Жюль Верн - Михаил Строгов
Обзор книги Жюль Верн - Михаил Строгов
Жюль Верн
Михаил Строгов
ЧАСТЬ ПЕРВАЯ
Глава 1
ПРАЗДНИК В НОВОМ ДВОРЦЕ
— Пришло новое сообщение, Ваше Величество.
— Откуда оно?
— Из Томска.
— А дальше провод оборван?
— Оборван со вчерашнего дня.
— Каждый час, генерал, телеграфируйте в Томск, и пусть меня держат в курсе происходящего.
— Слушаюсь, Ваше Величество, — ответил генерал Кисов.
Этот диалог происходил в два часа ночи, когда бал во дворце был в самом разгаре.

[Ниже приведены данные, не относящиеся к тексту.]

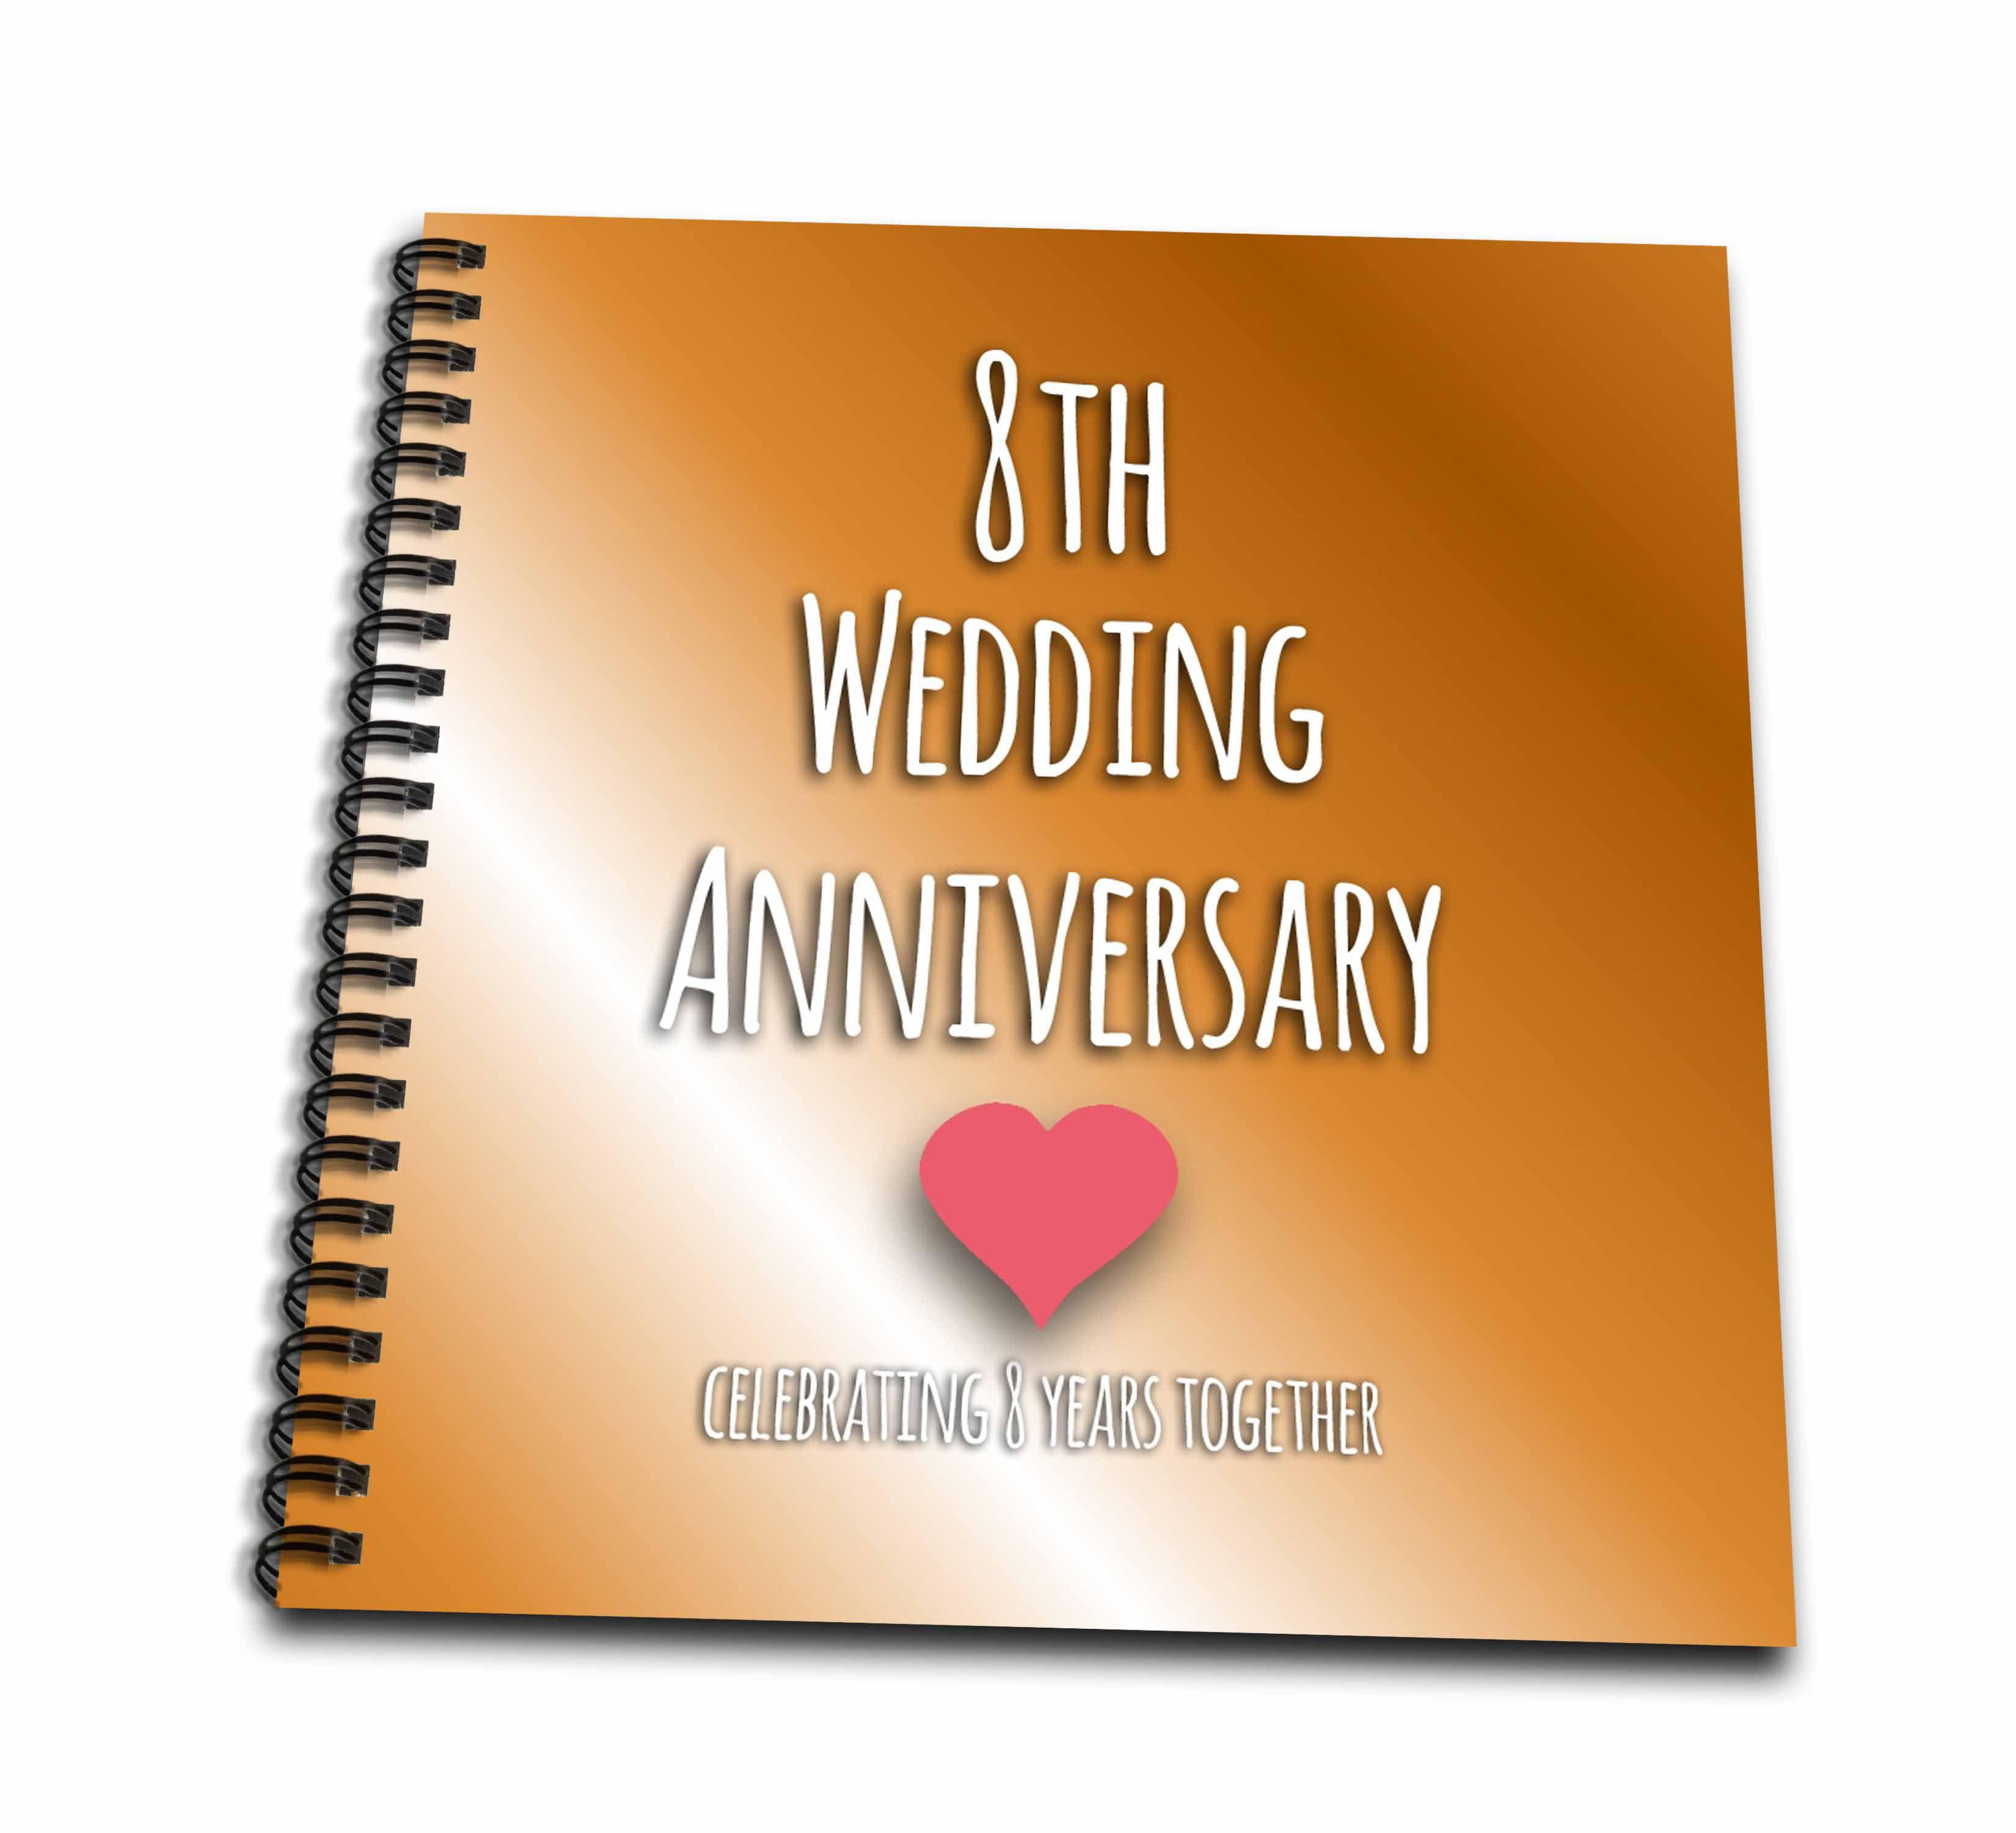 3drose 8th Wedding Anniversary Gift Bronze Celebrating 8 Years Together Eighth Anniversaries Eight Yrs Memory Book 12 By 12 Inch Walmart Com Walmart Com

Весь вечер музыканты Преображенского и Павловского полков без передышки играли самые лучшие из входивших в их репертуар полек, мазурок, экоссезов [1] и вальсов. Бесчисленные пары танцующих дам и кавалеров заполнили великолепные гостиные дворца, возведенного в нескольких шагах от «старого каменного дома», свидетеля многих ужасных драм прошлого, отзвуки которых словно пробудились этой ночью, чтобы вторить мотивам кадрилей.

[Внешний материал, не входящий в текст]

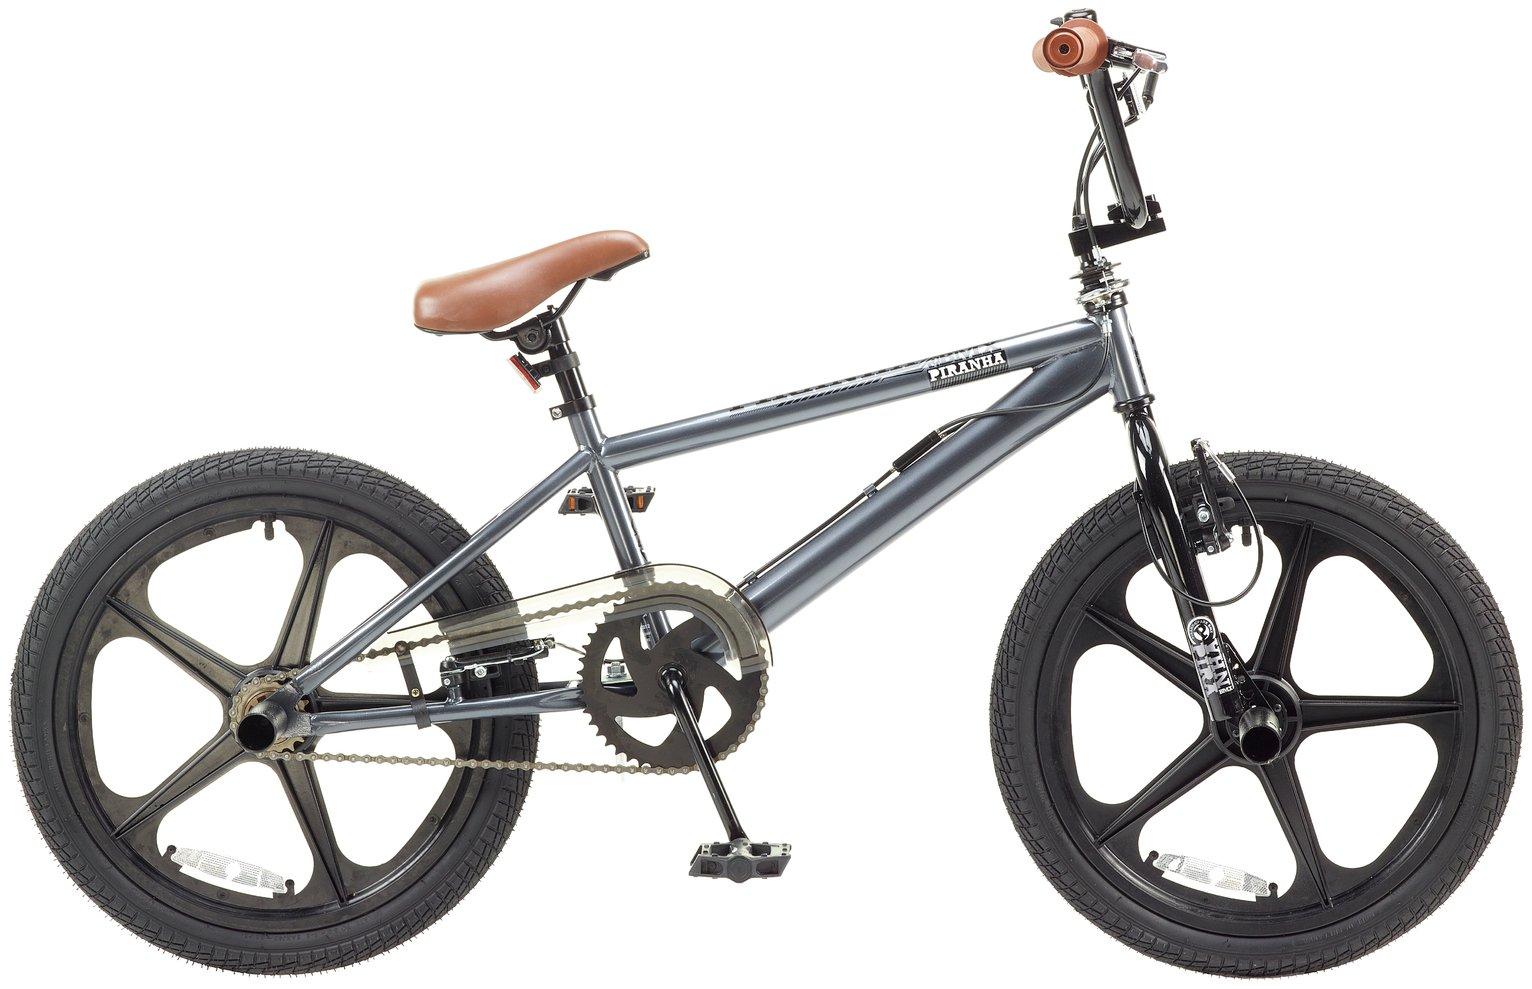 'Piranha 20 Inch No Mercy Bmx Bike

Впрочем, у главного распорядителя двора нашлись помощники в выполнении его деликатных обязанностей. Великие князья и их адъютанты, дежурные камергеры и дворцовые служащие выступали в роли устроителей танцев. Великие княгини, усыпанные бриллиантами, и придворные дамы в роскошных бальных одеяниях отважно подавали пример женам высокопоставленных военных и гражданских чиновников древней «белокаменной». Вот почему, когда объявили полонез и гости всякого чина приняли участие в ритмичном шествии, которое в празднествах подобного рода обретает значительность национального танца, в сиянии сотен люстр, многократно отраженном в зеркалах, смешение длинных платьев, украшенных кружевами, и мундиров, расцвеченных знаками наград, явило собой поистине неописуемое зрелище.

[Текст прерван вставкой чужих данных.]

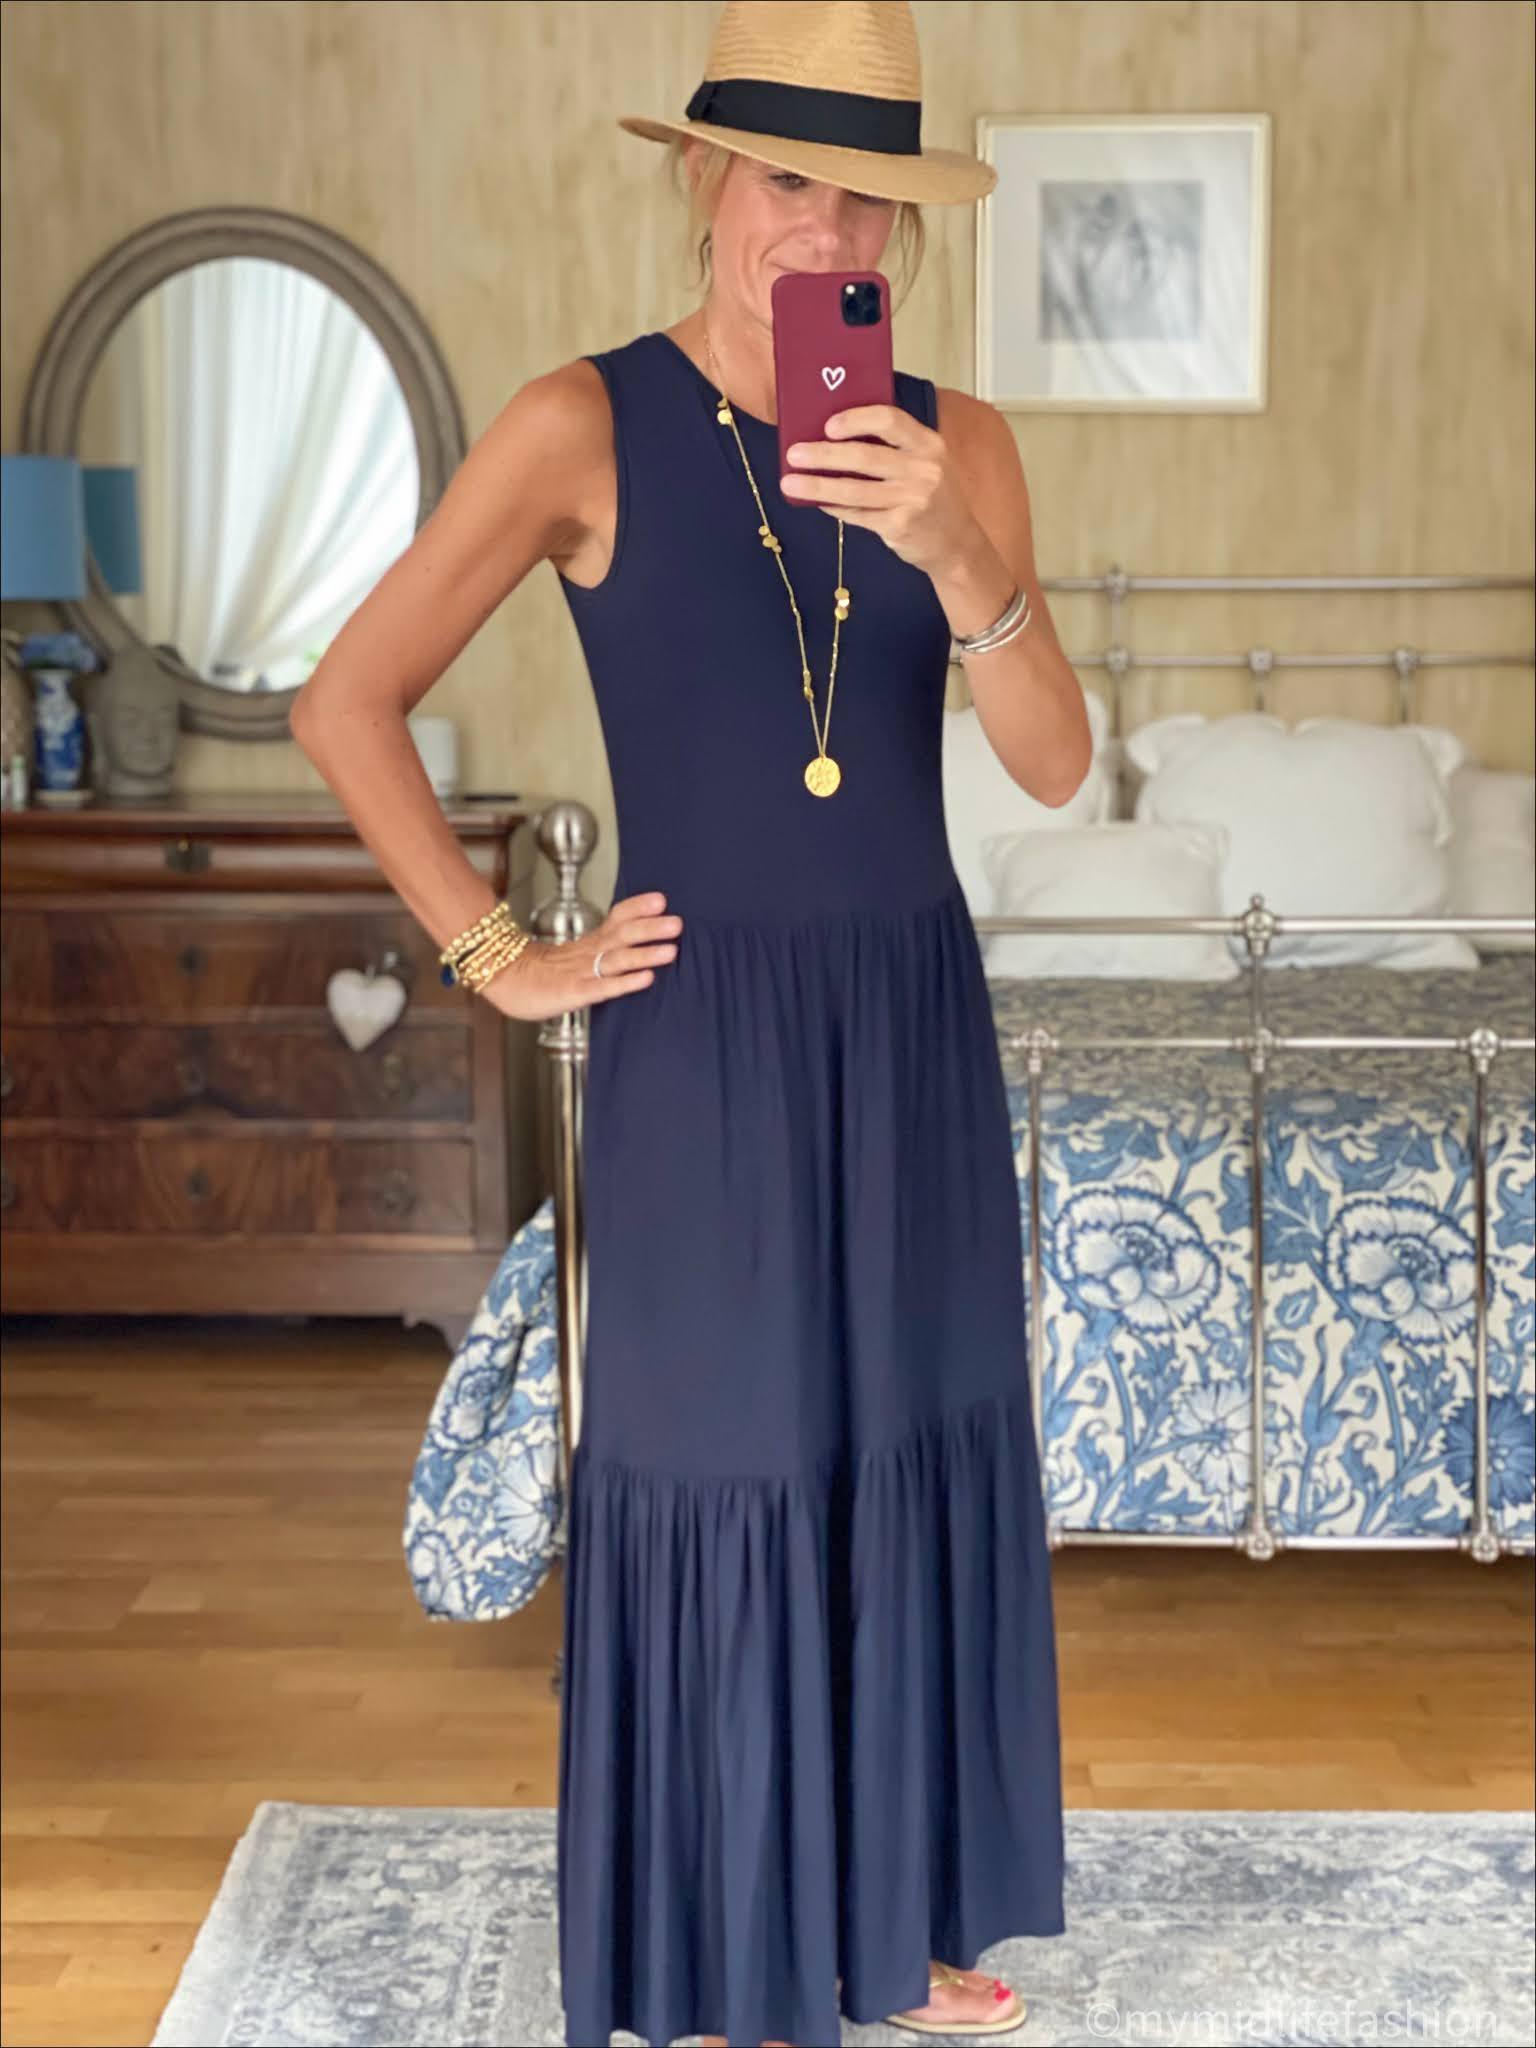 my midlife fashion, saint and Sofia greenwich dress, h and m straw Panama hat, havaianas slim fit metallic gold flip flops

Это был миг упоения и восторга.
Большая гостиная, наикрасивейшая в Новом дворце, служила достойным обрамлением великолепному параду высоких чинов и блестящих дам. На богато вызолоченных сводах, уже слегка потемневших от времени, их яркие наряды мерцали словно звезды. Занавеси и шторы, пышными складками ниспадавшие долу, пламенели жаркими красками, с резкими перепадами на сгибах плотной ткани.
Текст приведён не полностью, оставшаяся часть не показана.